* _WHAT YOU NEED TO DO_
What you return must be an exact copy of the lines in the listing below between the line holding "Suit Yourself: Your First Big Boy Suit" and the line holding "Urban Computing Skills", inclusive, and nothing more.

* _EXERCISE INPUTS_
|---|

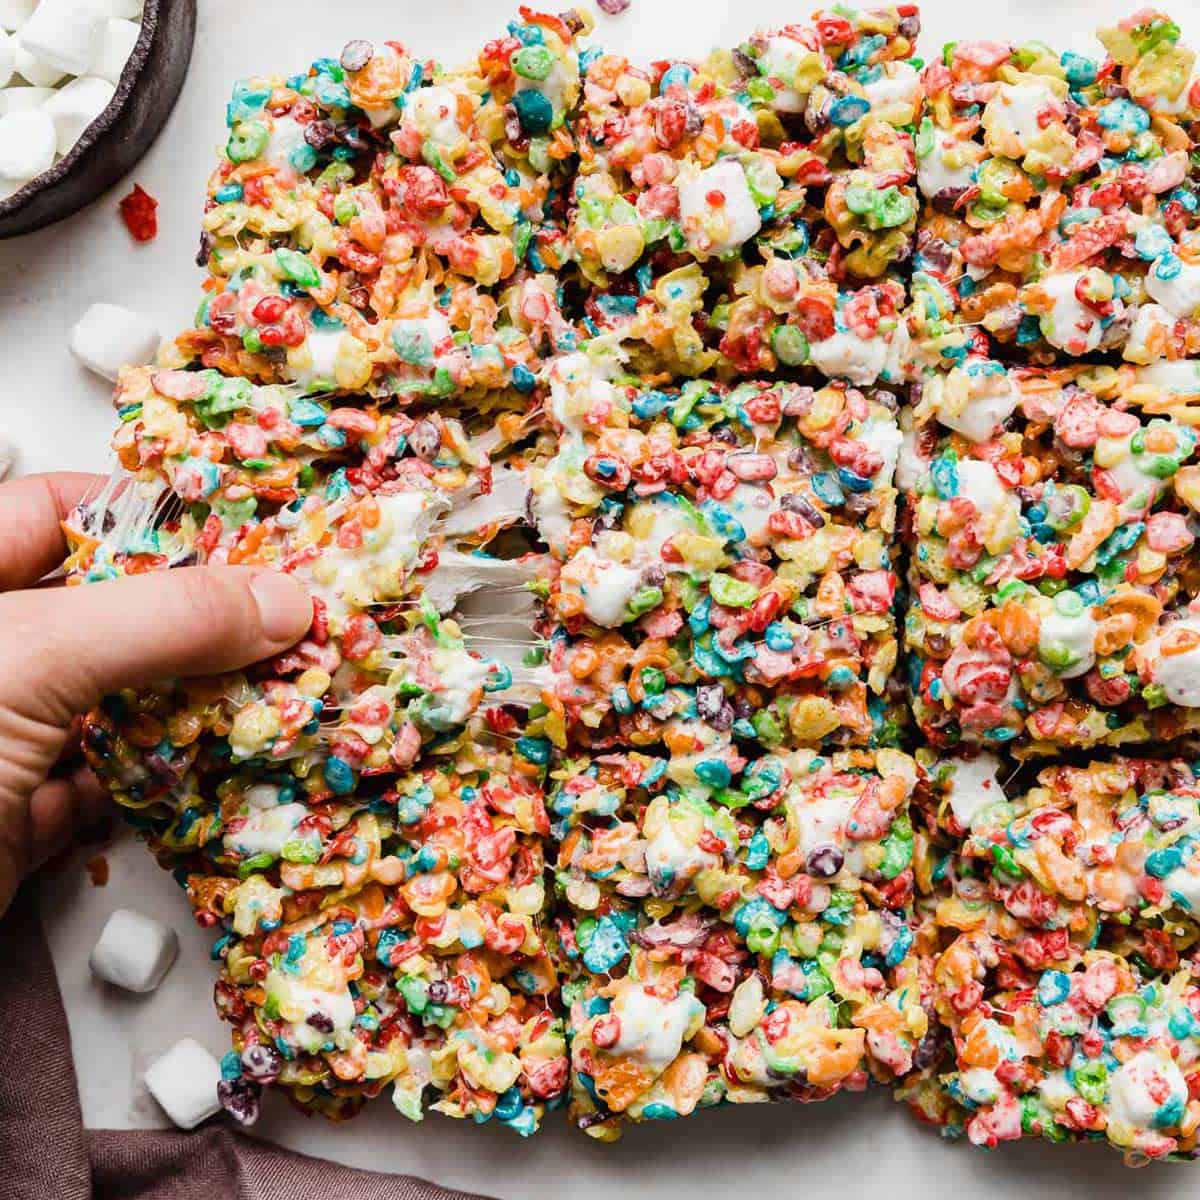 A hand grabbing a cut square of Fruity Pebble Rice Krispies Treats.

|---|

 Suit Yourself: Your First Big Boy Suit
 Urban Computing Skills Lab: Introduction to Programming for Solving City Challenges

|---|

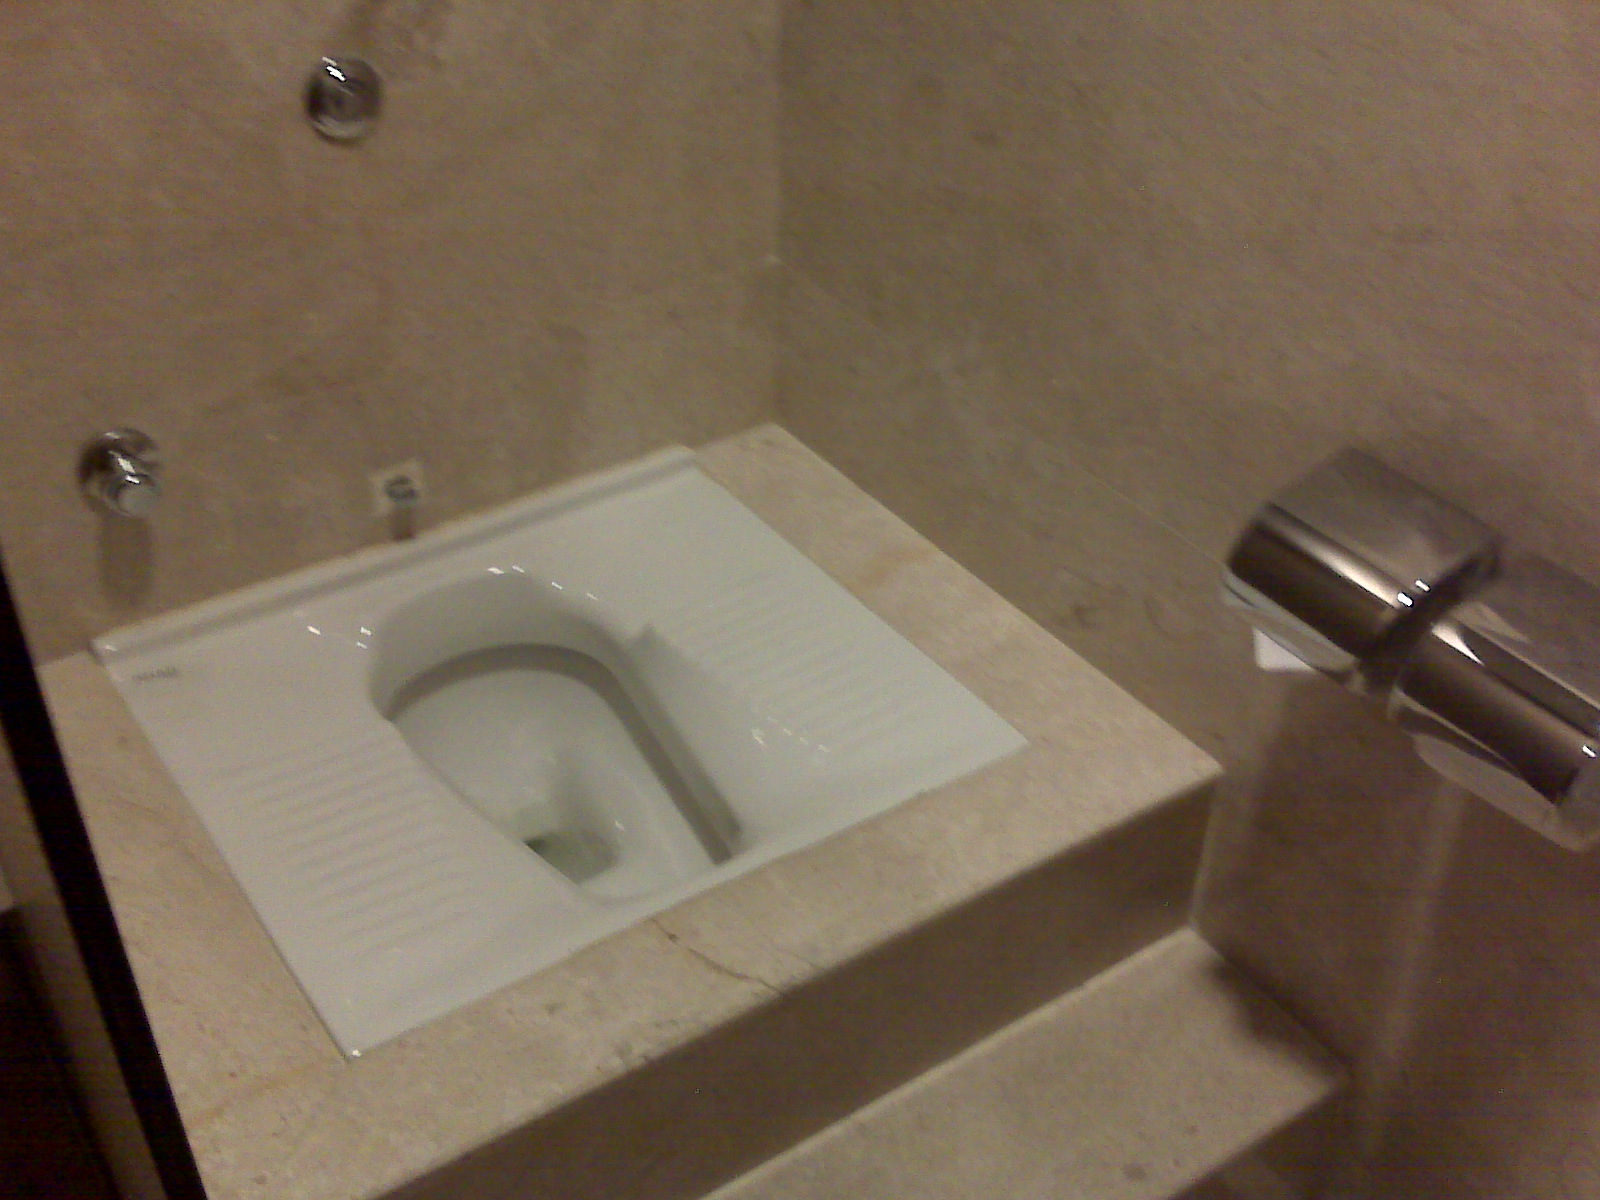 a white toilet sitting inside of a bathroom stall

|---|

* _WRITTEN RESPONSE_
 Suit Yourself: Your First Big Boy Suit
 Urban Computing Skills Lab: Introduction to Programming for Solving City Challenges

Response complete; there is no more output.